Unfortunately, you will have to register to this website in order to be able to download this file. Once downloaded, put this Adreno200-AU_LINUX_ANDROID_ICS_CHOCO_CS.04.00.03.06.001.zip
into your B2G
directory.
Build Firefox OS
If ./config.sh went fine, you can now build Firefox OS!
./build.sh
Here is the possible error you might see:
arm-linux-androideabi-g++: Internal error: Killed (program cc1plus)
You are most likely lacking of memory. 4GB is a safe minimum.
KeyedVector.h:193:31: error: indexOfKey was not declared in this scope, and no declarations were found by argument-dependent lookup at the point of instantiation [-fpermissive]

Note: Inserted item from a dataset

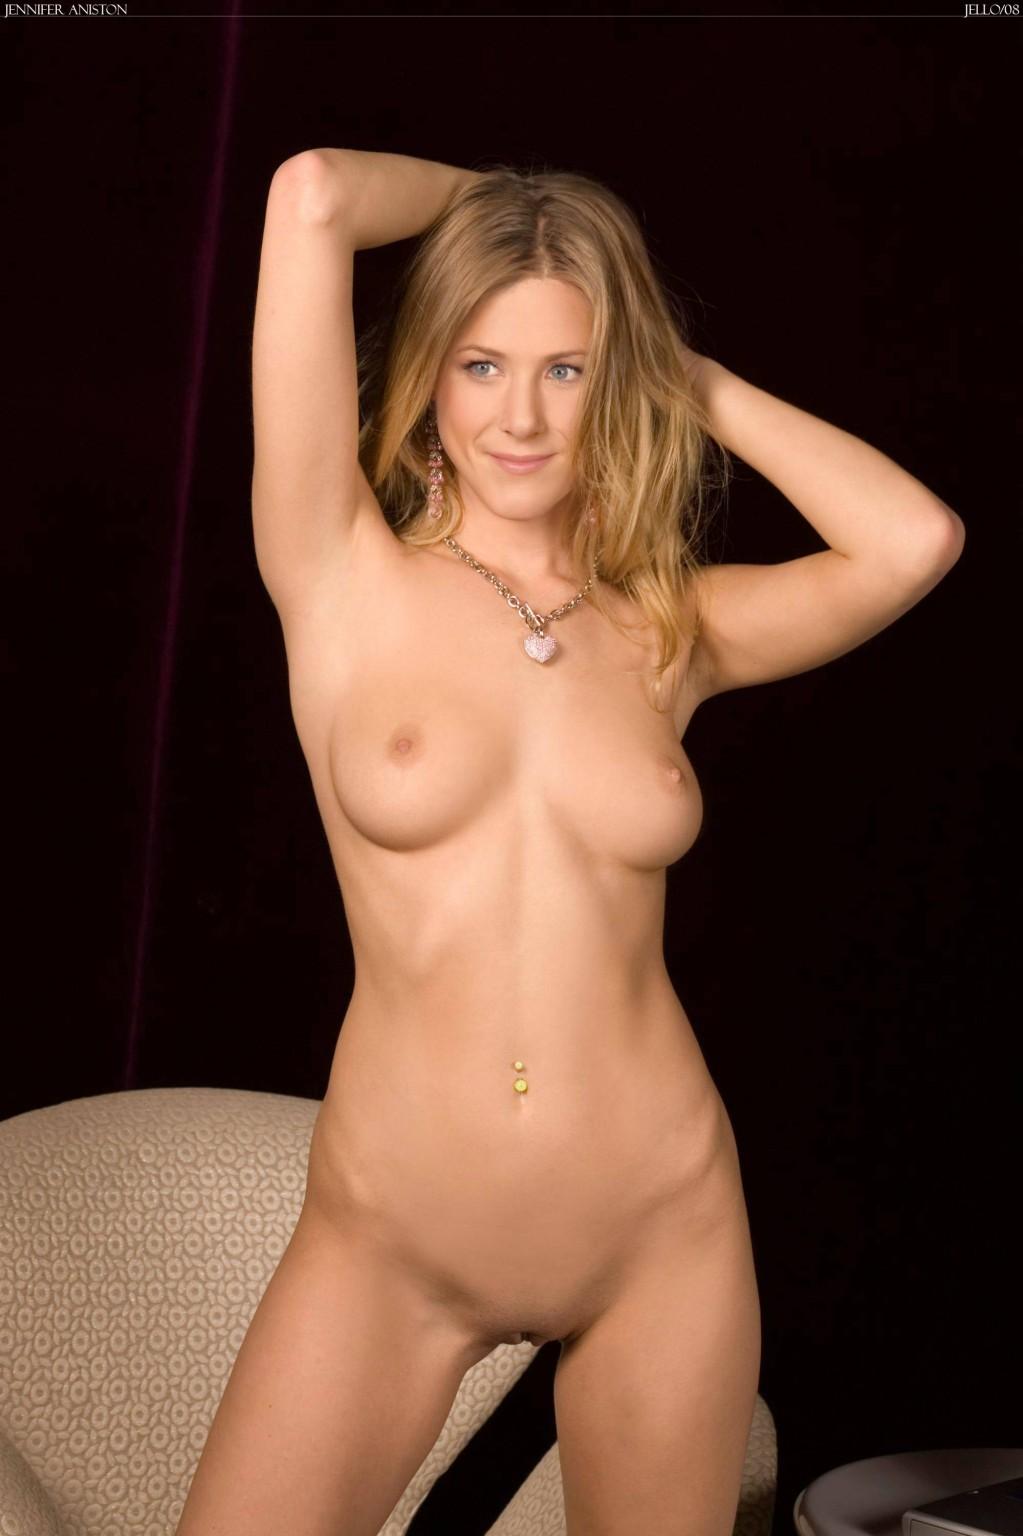 Nude hot ginger girl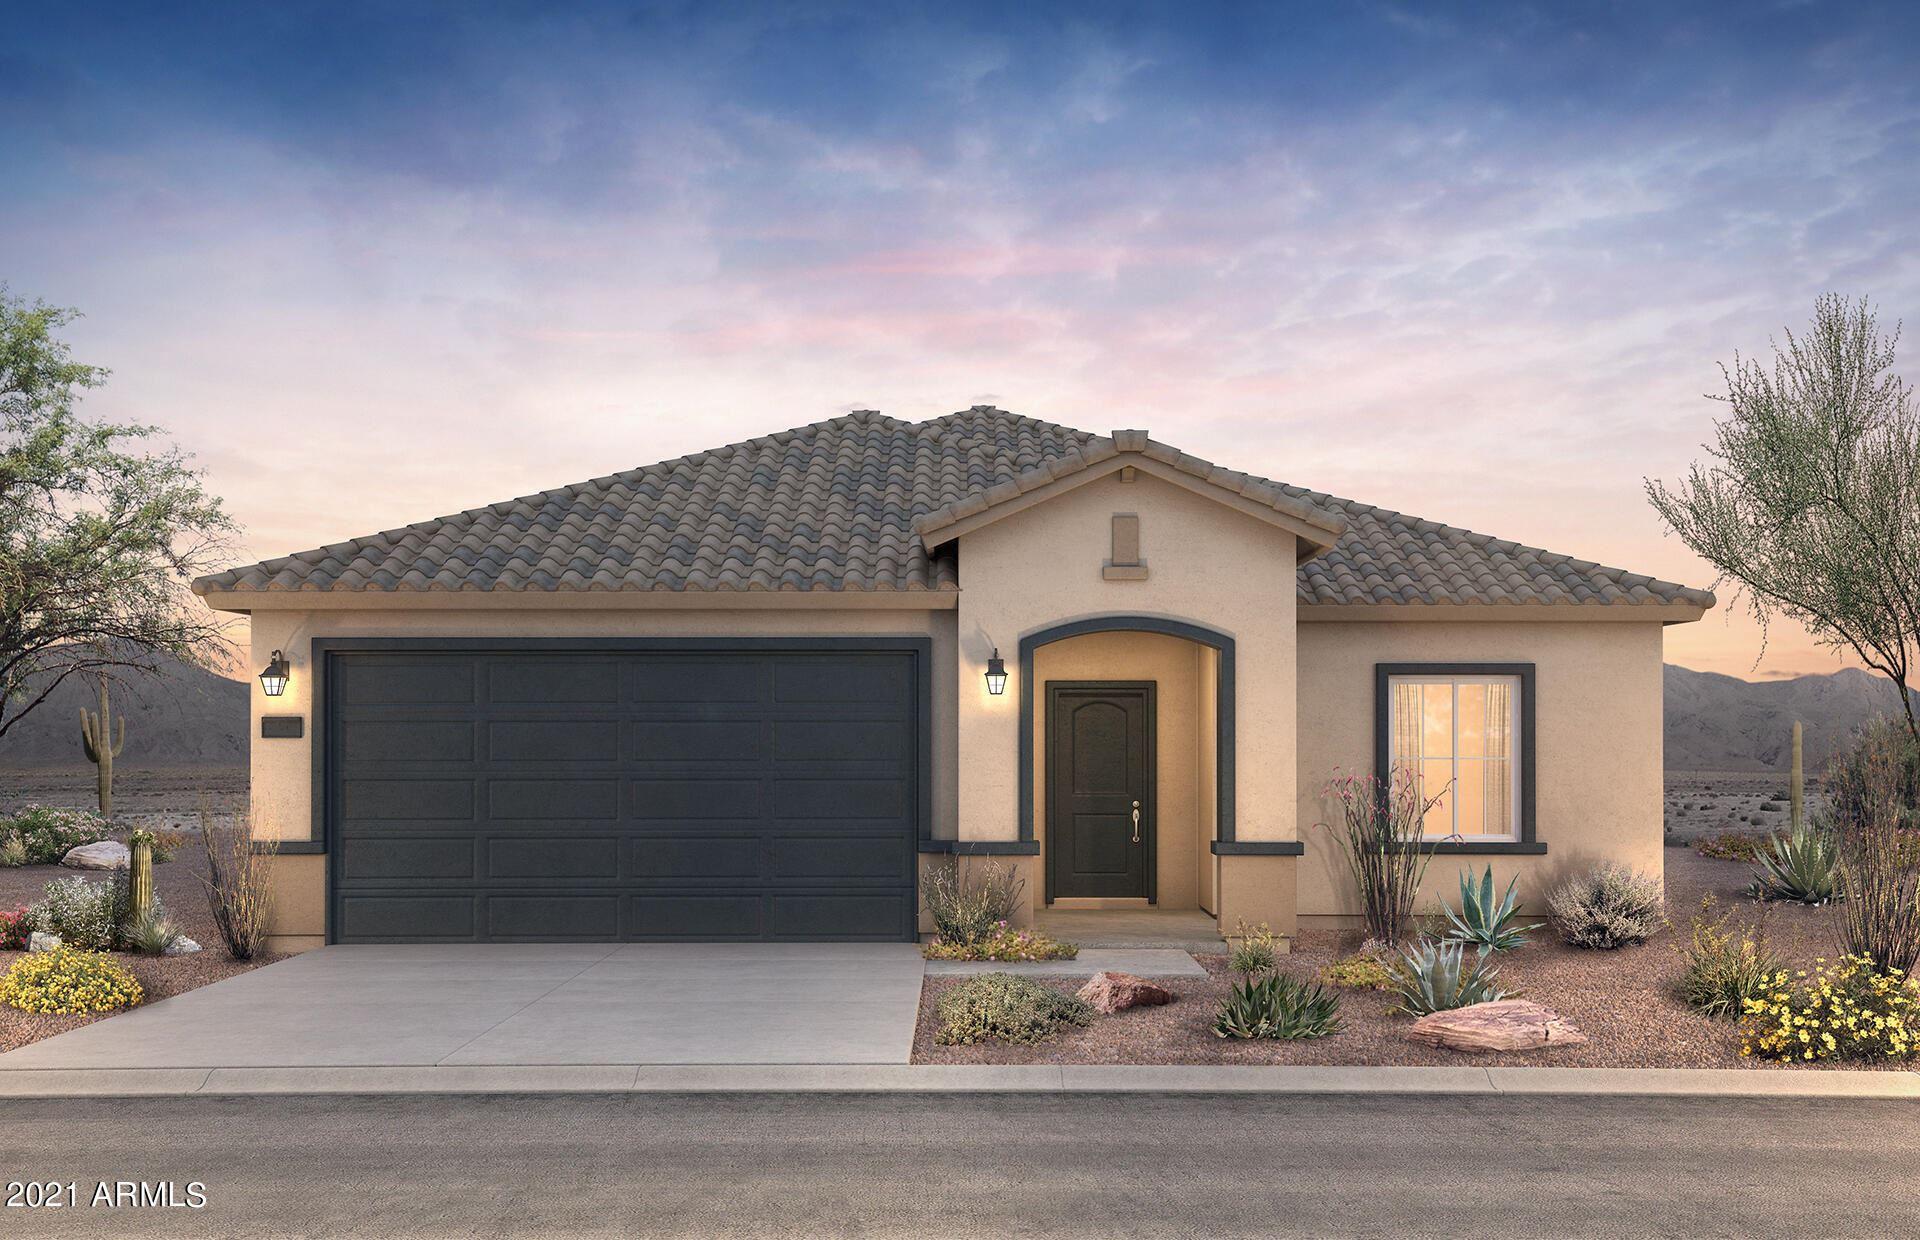 Photo for 43759 W MESCAL Street, Maricopa, AZ 85138 (MLS # 6283234)

Your gcc version is too recent. Try using gcc 4.6.x version.
Flash the phone
If ./build.sh went fine, you can now flash your phone:
./flash.sh
Note that I have to unplug replug the device in order to make it work in the VM.
When running ./flash.sh, the unagi phone switch to a blue screen, then ./flash.sh script is stuck on < waiting device >
message. If I unplug and plug in back, it immediately starts flashing. Be carefull if you have to do the same, ensure that ./flash.sh doesn't start flashing when you unplug it!
If ./flash.sh failed by saying that the image is too large, It might mean that you have to root your phone first. Again, ask in #b2g for help.